The magnesium carbonate material that has been given the name Upsalite is foreseen to reduce the amount of energy needed to control environmental moisture in the electronics and drug formulation industry as well as in hockey rinks and ware houses. It can also be used for collection of toxic waste, chemicals or oil spill and in drug delivery systems, for odor control and sanitation after fire.
“In contrast to what has been claimed for more than 100 years in the scientific literature, we have found that amorphous magnesium carbonate can be made in a very simple, low-temperature process”, says Johan Goméz de la Torre, researcher at the Nanotechnology and Functional Materials Division.

While ordered forms of magnesium carbonate, both with and without water in the structure, are abundant in nature, water-free disordered forms have been proven extremely difficult to make.

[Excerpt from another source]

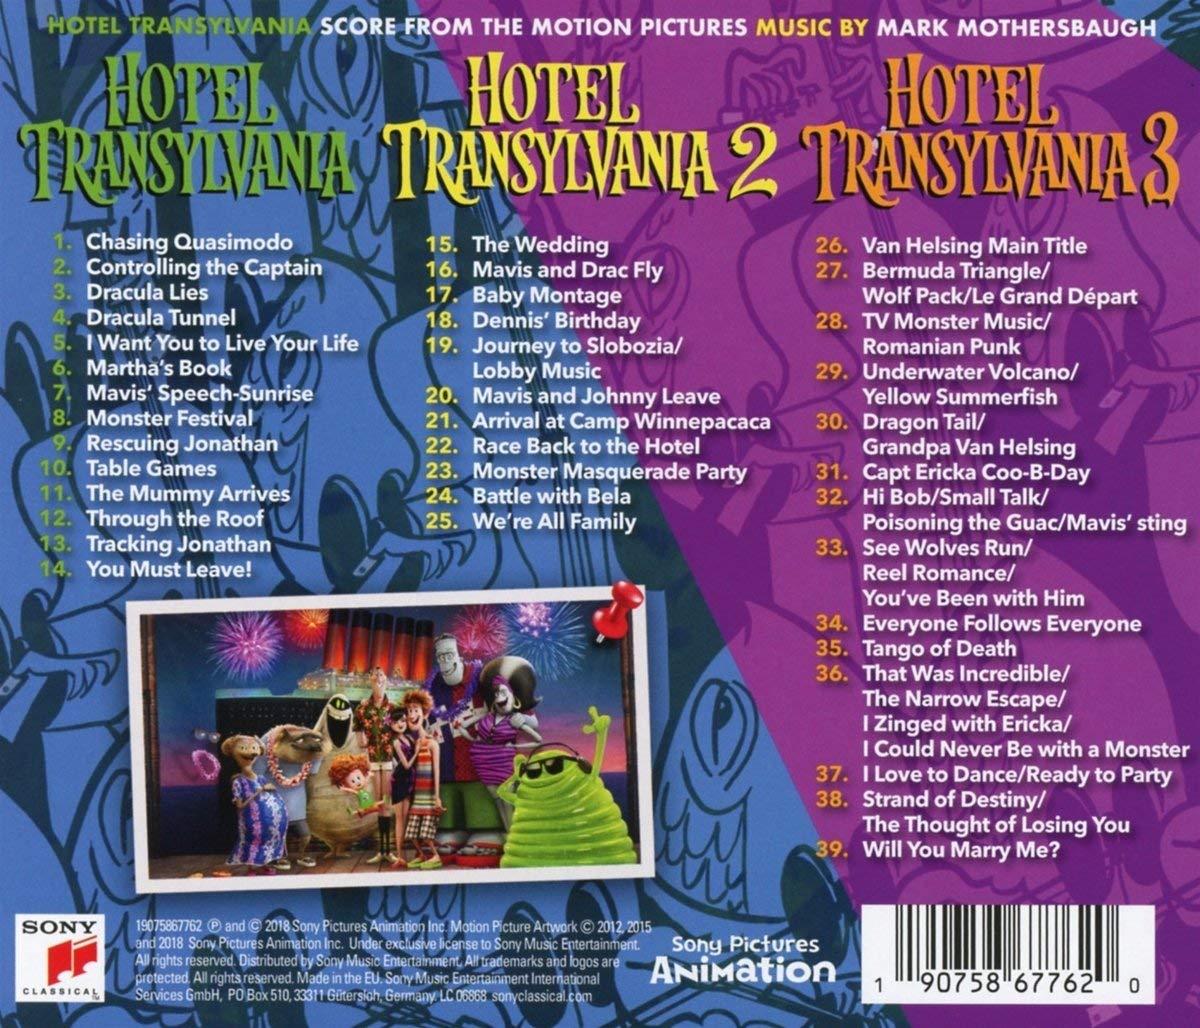 Hotel transylvania 3 original motion soundtrack music musica It's Party Time Sony Classic Mark Mothersbaugh

In 1908, German researchers claimed that the material could indeed not be made in the same way as other disordered carbonates, by bubbling CO2 through an alcoholic suspension. Subsequent studies in 1926 and 1961 came to the same conclusion. “A Thursday afternoon in 2011, we slightly changed the synthesis parameters of the earlier employed unsuccessful attempts, and by mistake left the material in the reaction chamber over the weekend. Back at work on Monday morning we discovered that a rigid gel had formed and after drying this gel we started to get excited”, says Johan Goméz de la Torre.

A year of detailed materials analysis and fine tuning of the experiment followed. One of the researchers got to take advantage of his Russian language skills since some of the chemistry details necessary for understanding the reaction mechanism was only available in an old Russian PhD thesis. “After having gone through a number of state of the art materials characterization techniques it became clear that we had indeed synthesized the material that previously had been claimed impossible to make”, says Maria Strømme, professor of nanotechnology and head of the nanotechnology and functional materials division.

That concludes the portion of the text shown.